I'm not saying that if a musician doesn't know theory he/she's a bad musician. I just beleive IMHO musicians need to learn theory. At least basic theory. It makes communicating with other musicians much easier IMHO.


----------



## I_infect (Sep 26, 2009)

Nidolf said:


> Lets not forget the "I-don't-want-to-learn-theory-or-take-lessons-because-it-might-inhibit my-creativity-I think-I'm more-innovative-this-way"-kind






When I used to teach, I used to tell my students(as far as theory was concerned), "It's easier to break the rules if you know what they are."


----------



## AngelVivaldi (Sep 26, 2009)

I_infect said:


> When I used to teach, I used to tell my students(as far as theory was concerned), "It's easier to break the rules if you know what they are."



Beautifully put! +1


----------



## signalgrey (Sep 26, 2009)

Cheesebuiscut said:


> I gotta disagree considering the theory came AFTER the music not before.
> 
> Not that its a bad thing to learn(I'm taking a music theory class in college out of pure interest)
> 
> ...



^this


----------



## I_infect (Sep 26, 2009)

Aysakh said:


> I have nothing against it and would really like to learn a good way to communicate my music to others, but for some reason I just can't bring myself to learn any theory. I really hate when I tell people that I don't know any theory, and they automatically assume I'm a terrible musician. It really makes those sleepless nights of noodling seem meaningless.




I've dealt with musicians in band situations, and if I had to choose from auditions someone who knew theory and someone who didn't, I'd choose the one who knew. It's much easier to communicate to another musician what chord, when, and how, why a minor 3rd harmony would sound so evil over this chord progression, etc. While I appreciate good technique, It's very hard to speak tablature.


----------



## JohnIce (Sep 27, 2009)

I_infect said:


> When I used to teach, I used to tell my students(as far as theory was concerned), "It's easier to break the rules if you know what they are."


 
Haha I was going to say the same thing!

I was self-taught and theory-less for my first 7 years of playing, and during that time I wrote many songs that I thought were pretty good. After studying theory in a higher musical education, I learned that it was my lack of knowledge that made me think I was writing these innovative songs, but learning theory gave me a wider overview on music and I realized those old songs and solos I'd done weren't really all that exciting. Competent for sure, but it didn't impress me at all anymore. In short: my standards got higher.

To me, saying that theory limits your creativity is like saying a large vocabulary limits your ways of expressing yourself.
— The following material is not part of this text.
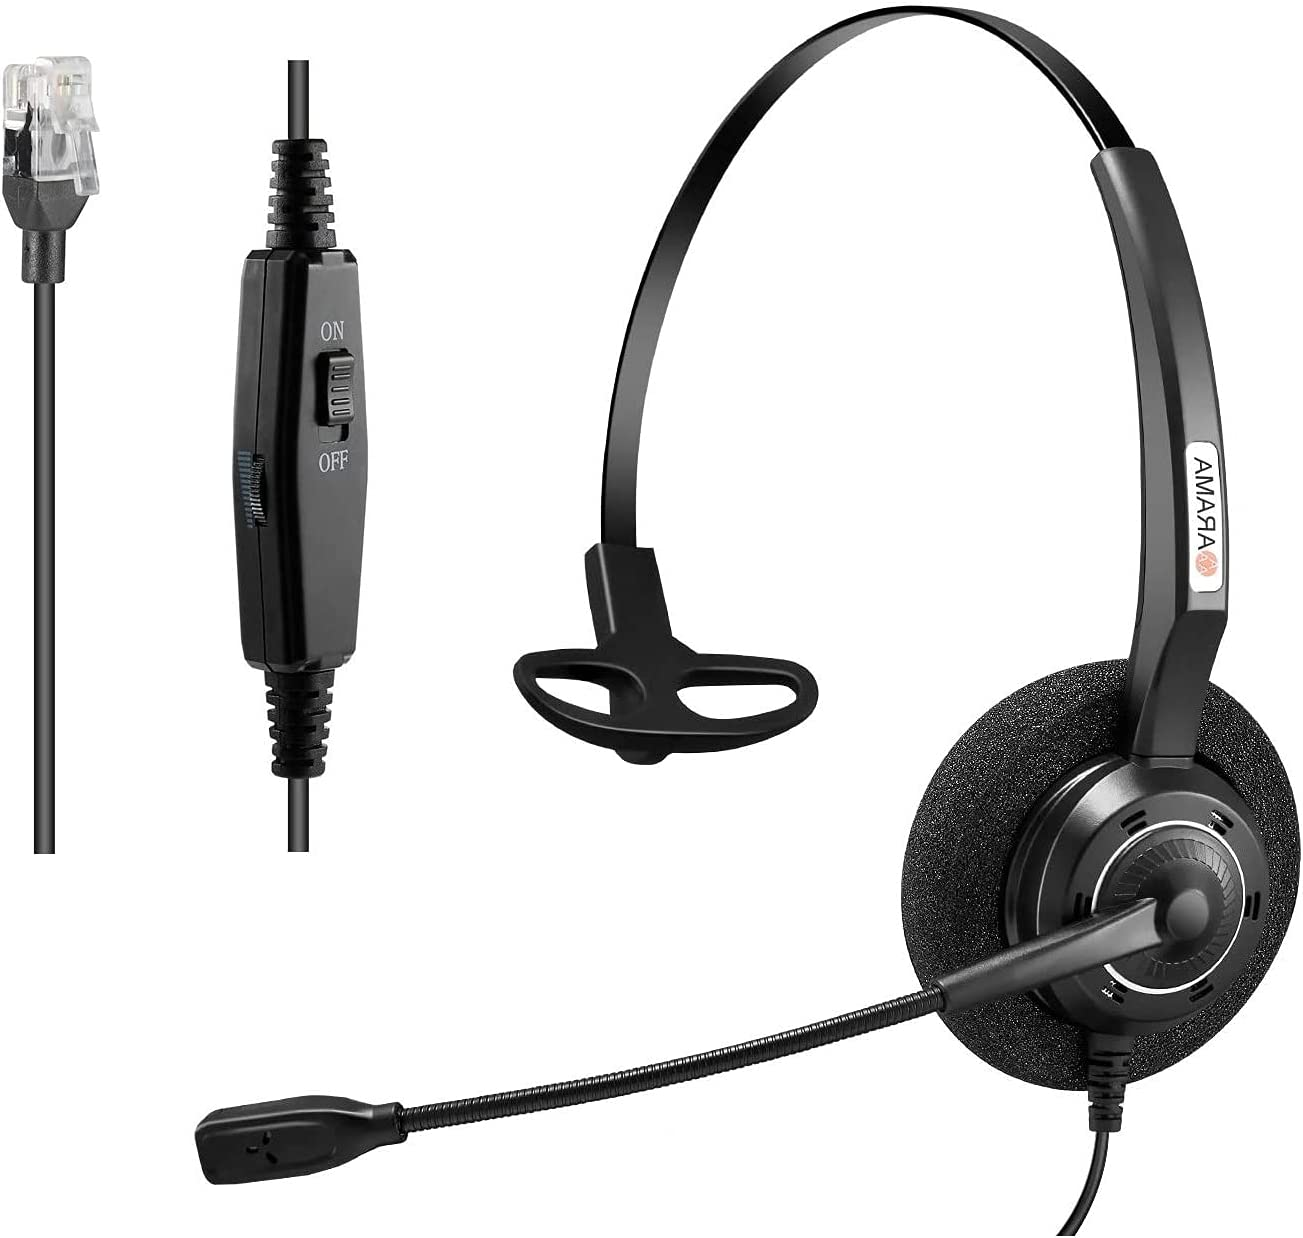 Arama Phones Headset RJ9 with Pro Noise Canceling Mic and Mute Switch Wired Office Headset Compatible with Polycom Mitel Plantronic ShoreTel Avaya Zultys Toshiba NEC Aspire Nortel Landline Phones

It defies logic, to me. John Frusciante said something that it's like saying: "I don't want to learn a language, I'd rather just rub my penis all over people".

Many people think that theory is a set of rules, when it's not, it's a musical alphabet, more or less. You know, you can speak a language without knowing the alphabet, doesn't mean learning to write and read wouldn't help you expand on what you already know, because you'll be able to learn new words, read great authors etc. that will make you a better and more expressive speaker, more interesting to listen to.


----------



## Arminius (Sep 27, 2009)

I_infect said:


> I've dealt with musicians in band situations, and if I had to choose from auditions someone who knew theory and someone who didn't, I'd choose the one who knew. It's much easier to communicate to another musician what chord, when, and how, why a minor 3rd harmony would sound so evil over this chord progression, etc. While I appreciate good technique, It's very hard to speak tablature.



I do know my intervals, I'm not that hopeless


----------



## JohnIce (Sep 27, 2009)

Aysakh said:


> I do know my intervals, I'm not that hopeless


 
Then you know theory. Like I said, it's like a vocabulary, some know more words than others, but you're still speaking the same language.

Most people know some theory, like for instance knowing the name of a basic G chord falls under theory studies. The difference is between the people who actively want to expand upon that, and those who are fine leaving their musical progress to chance, if you will.


----------



## I_infect (Sep 27, 2009)

Aysakh said:


> I do know my intervals, I'm not that hopeless




No one's saying you are friend and I'm sorry if it seemed like an attack on you lol. I didn't mean it to be. Personally I am a blues-influenced metal player who should be alot better at his technique for how many years I've been playing so we all have our drawbacks. No one is saying you need to take lessons from a teacher either... sometimes the best way is learning from a book etc, as long as it's _properly_ learning from a respected source. Theory starts out very basic and expands from there. And theory applies to _every_ instrument, not just guitar, so it makes you more versatile and marketable to bands in the long run.



JohnIce said:


> Then you know theory. Like I said, it's like a vocabulary, some know more words than others, but you're still speaking the same language.
> 
> Most people know some theory, like for instance knowing the name of a basic G chord falls under theory studies. The difference is between the people who actively want to expand upon that, and those who are fine leaving their musical progress to chance, if you will.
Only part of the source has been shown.